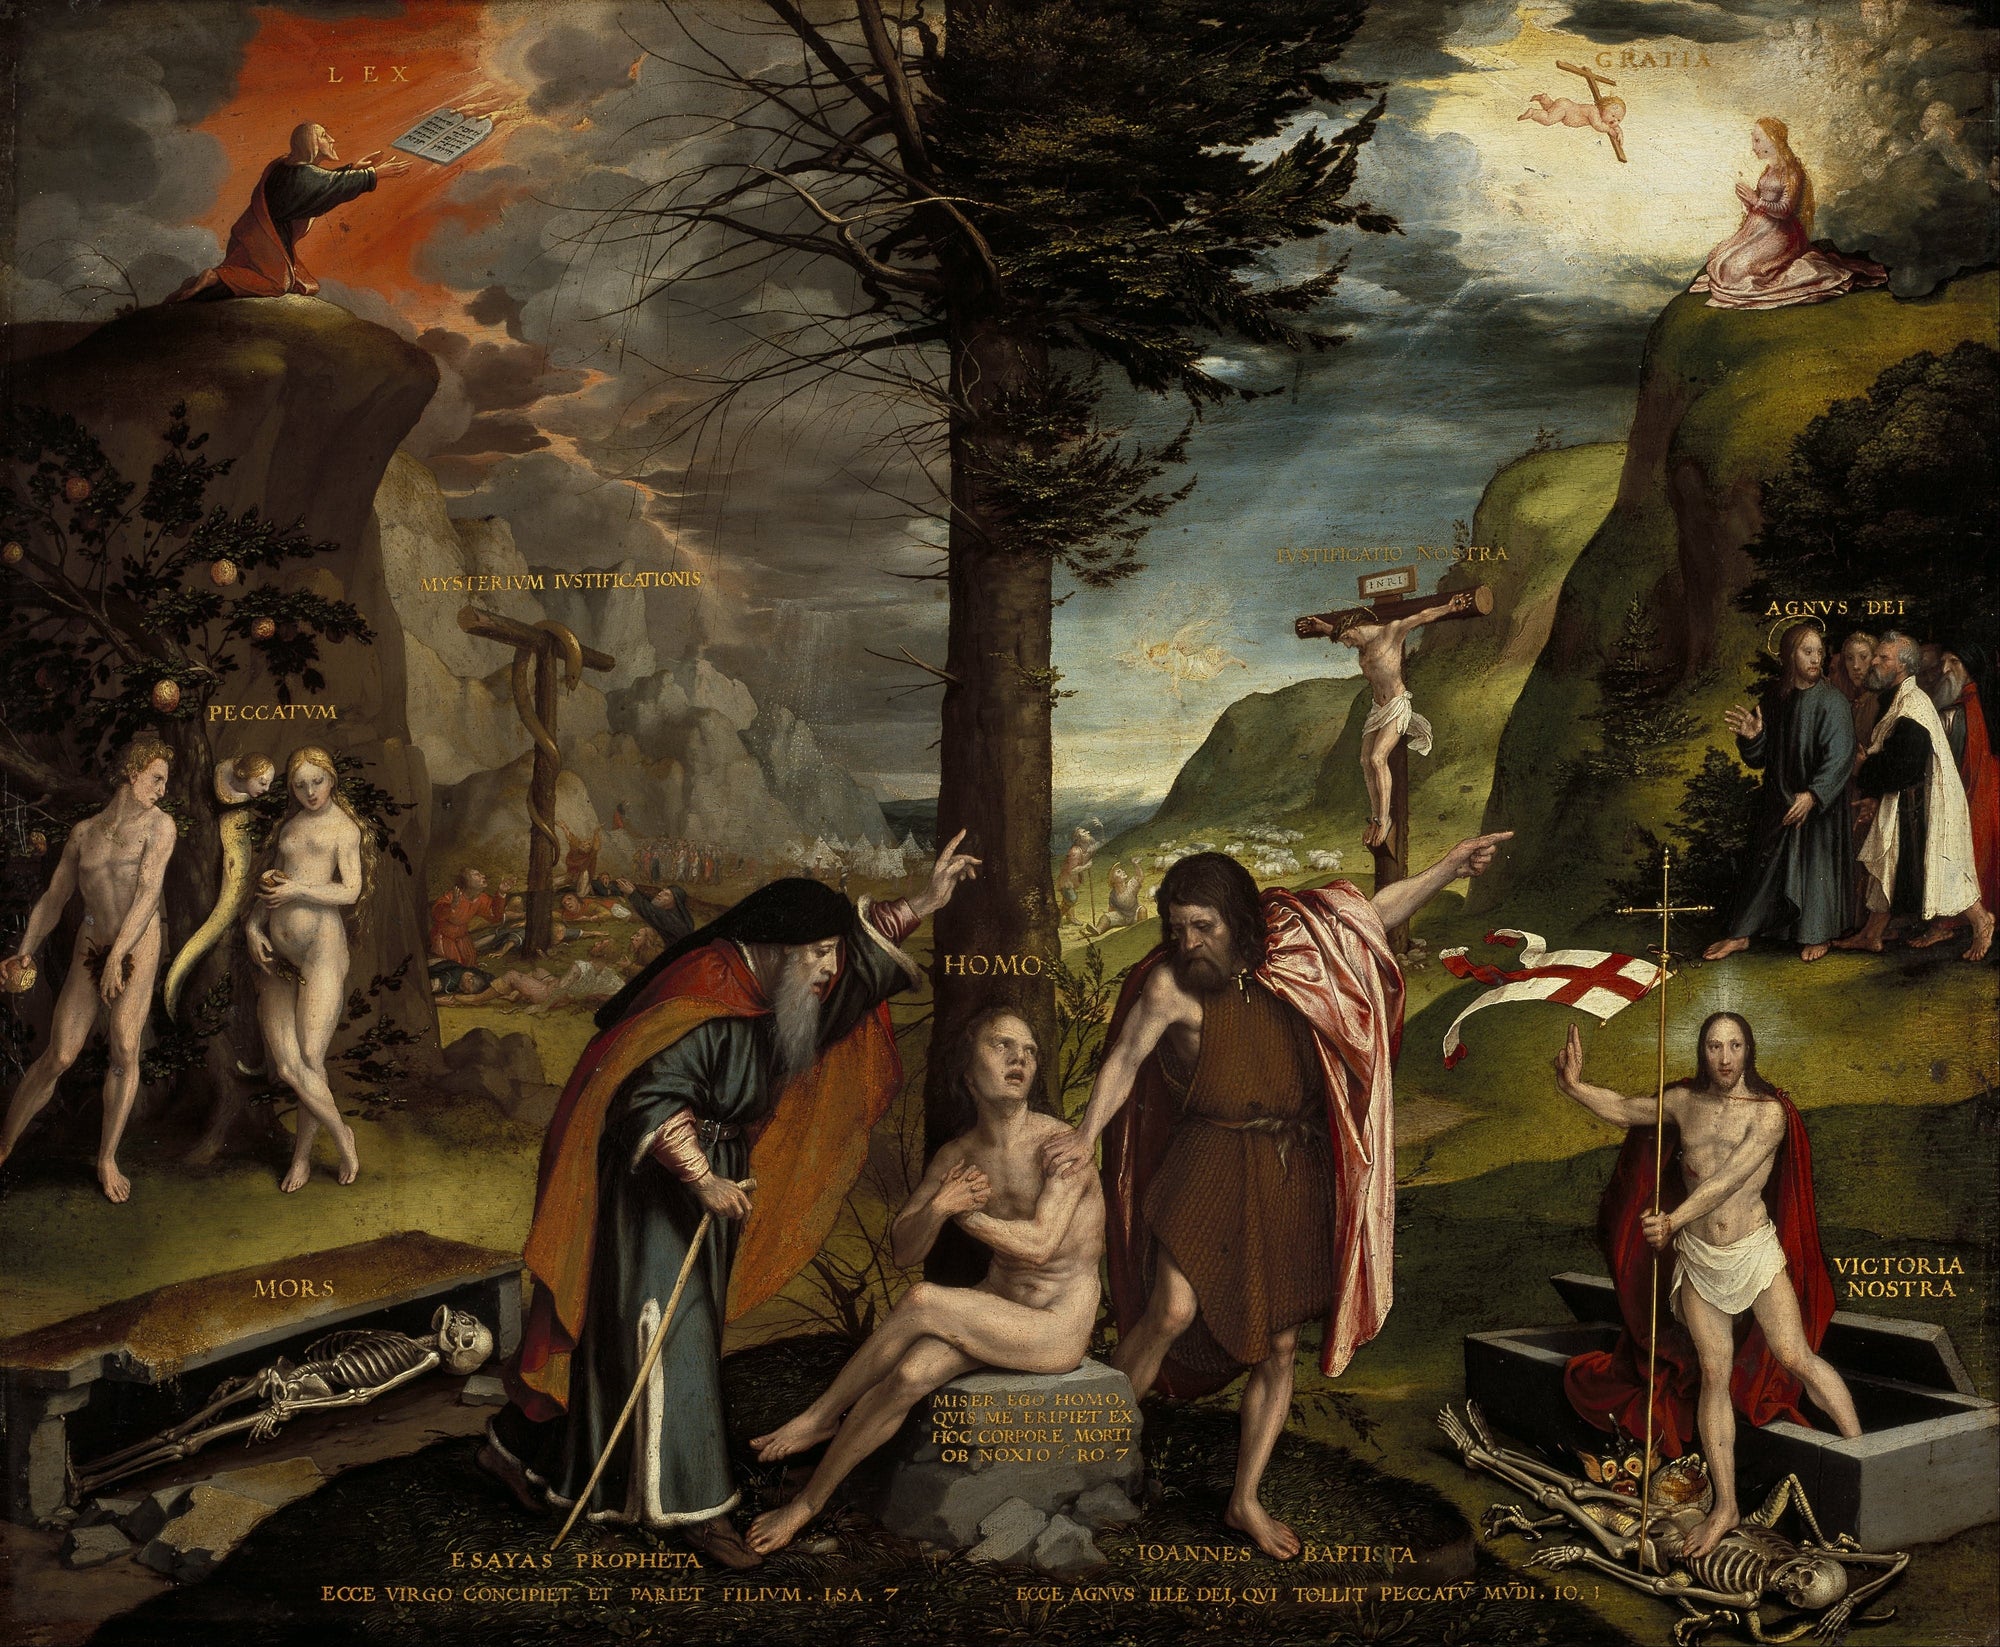 "An Allegory of the Old and New Testaments" by Hans Holbein the younger 1535
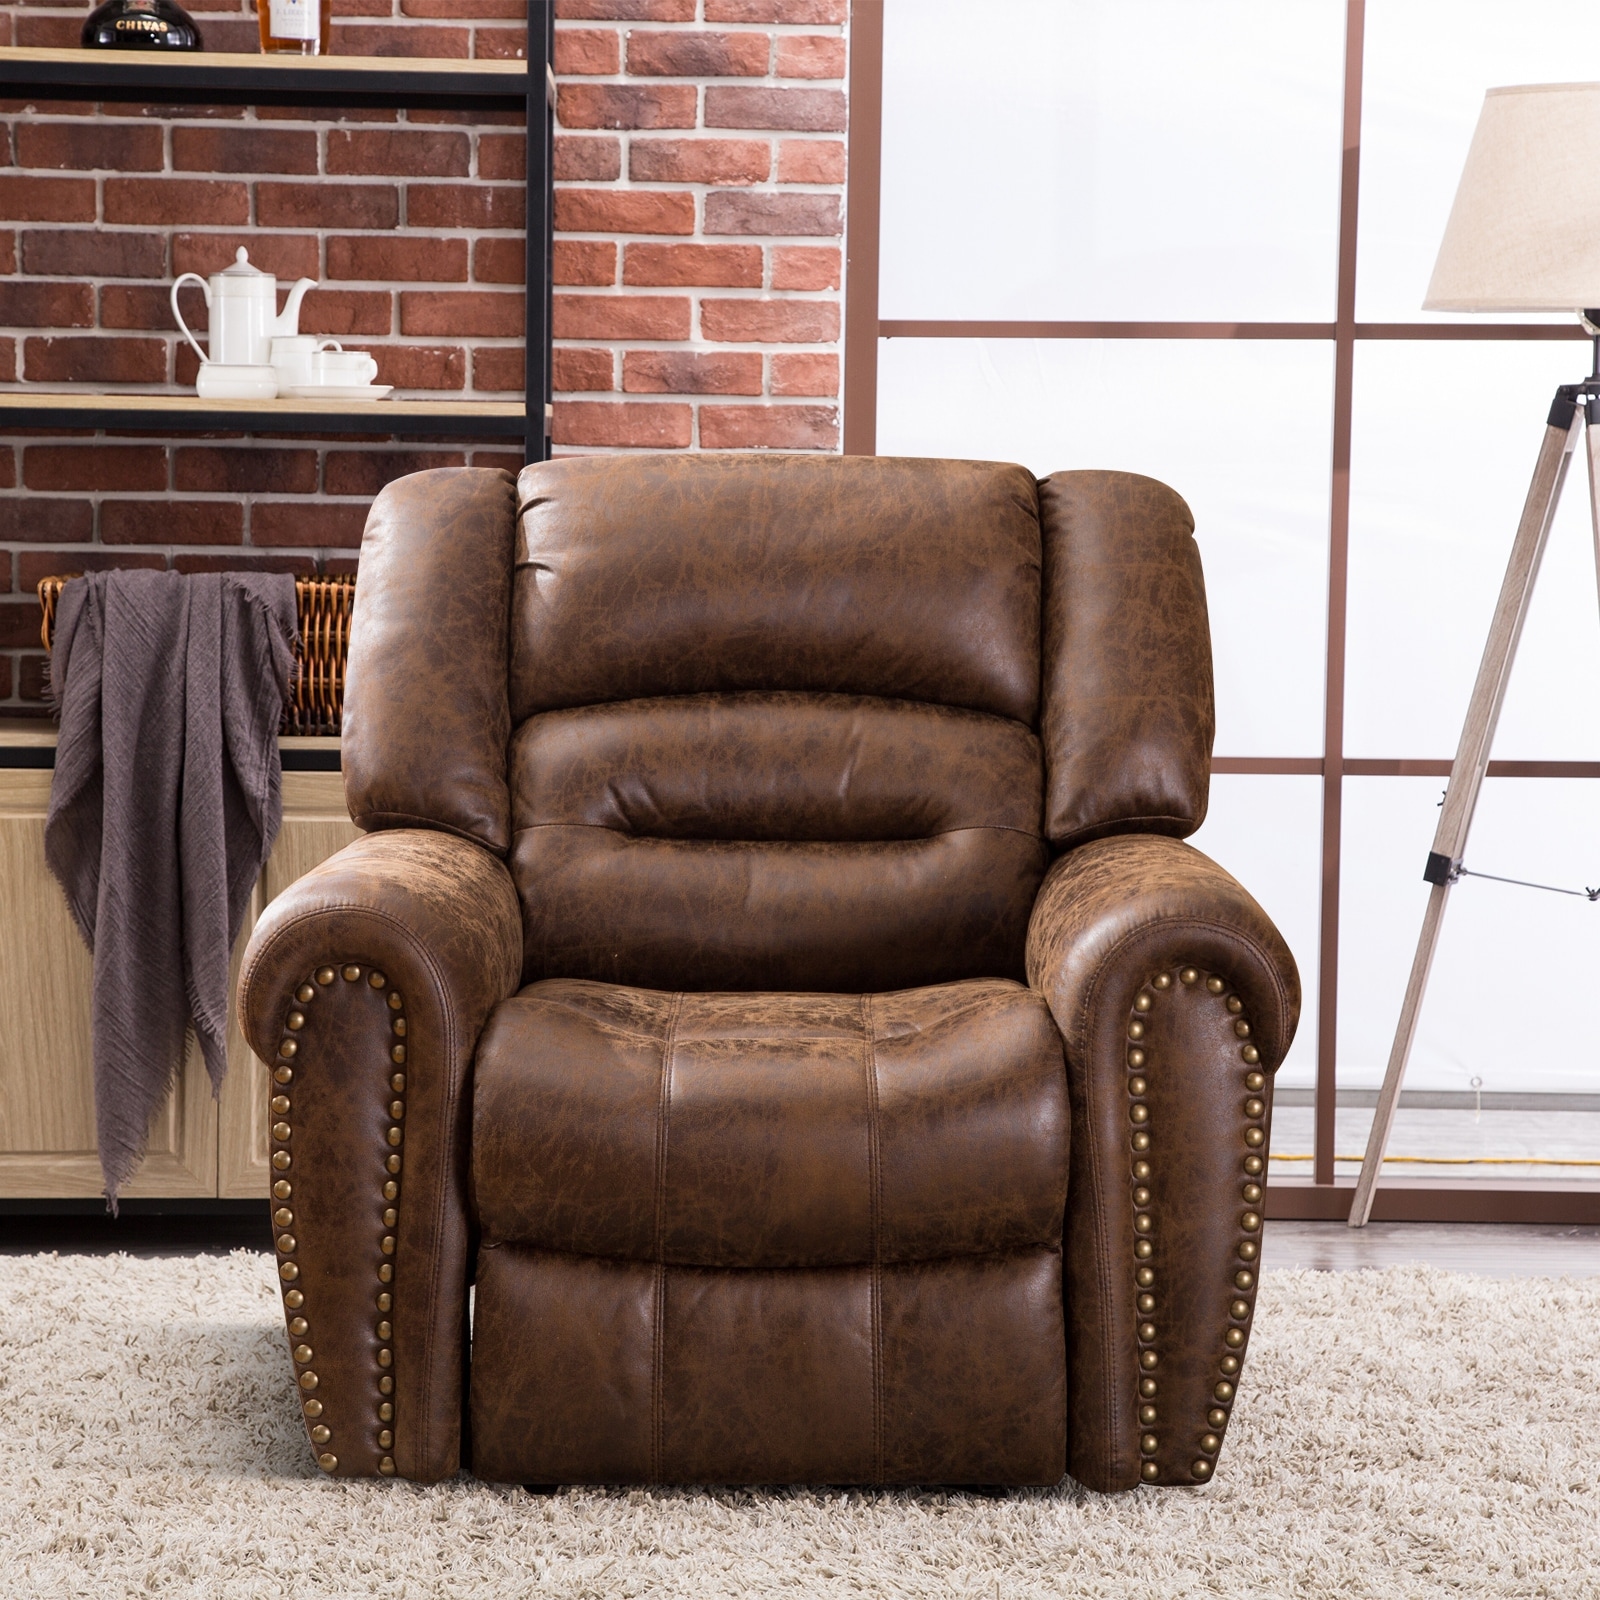 Electric Power Recliner Chair Traditional Brown Breathable Bonded Leather Sofa 
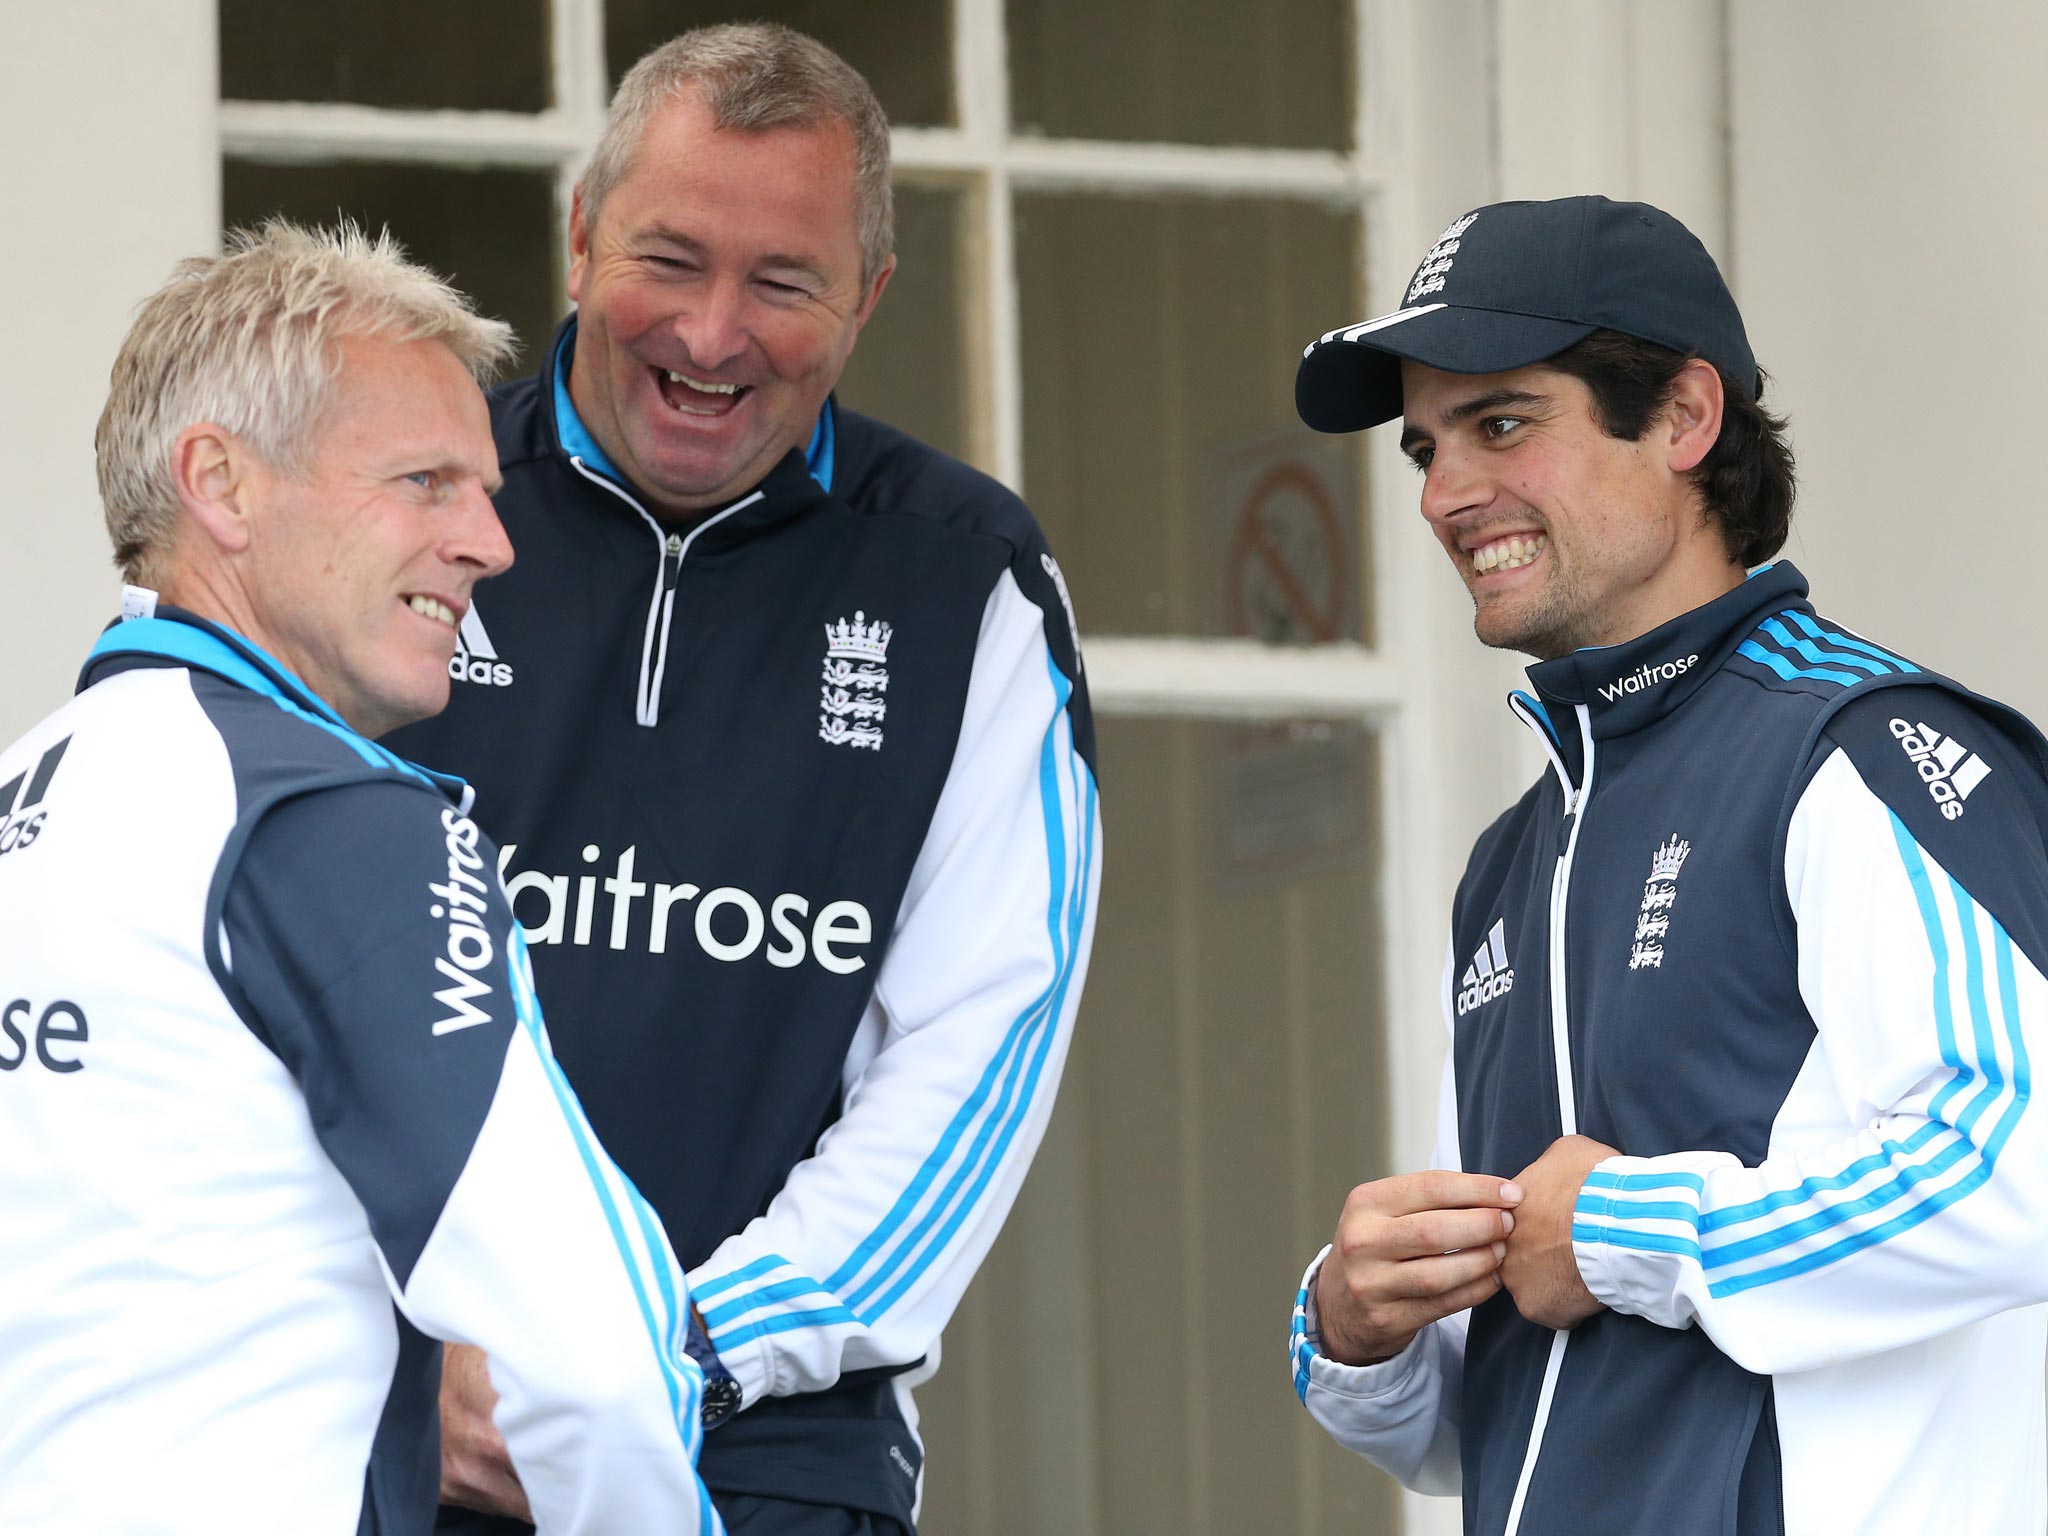 England coaches Peter Moores (L) and Paul Farbrace (C) stand with England captain Alastair Cook as they wait for conditions to improve during the One Day International against Scotland

# GOAL OF THE EXERCISE
Write out all the material verbatim, images excluded.

# PROBLEM SOLUTION
 "An Allegory of the Old and New Testaments" by Hans Holbein the younger 1535
 Electric Power Recliner Chair Traditional Brown Breathable Bonded Leather Sofa 
 England coaches Peter Moores (L) and Paul Farbrace (C) stand with England captain Alastair Cook as they wait for conditions to improve during the One Day International against Scotland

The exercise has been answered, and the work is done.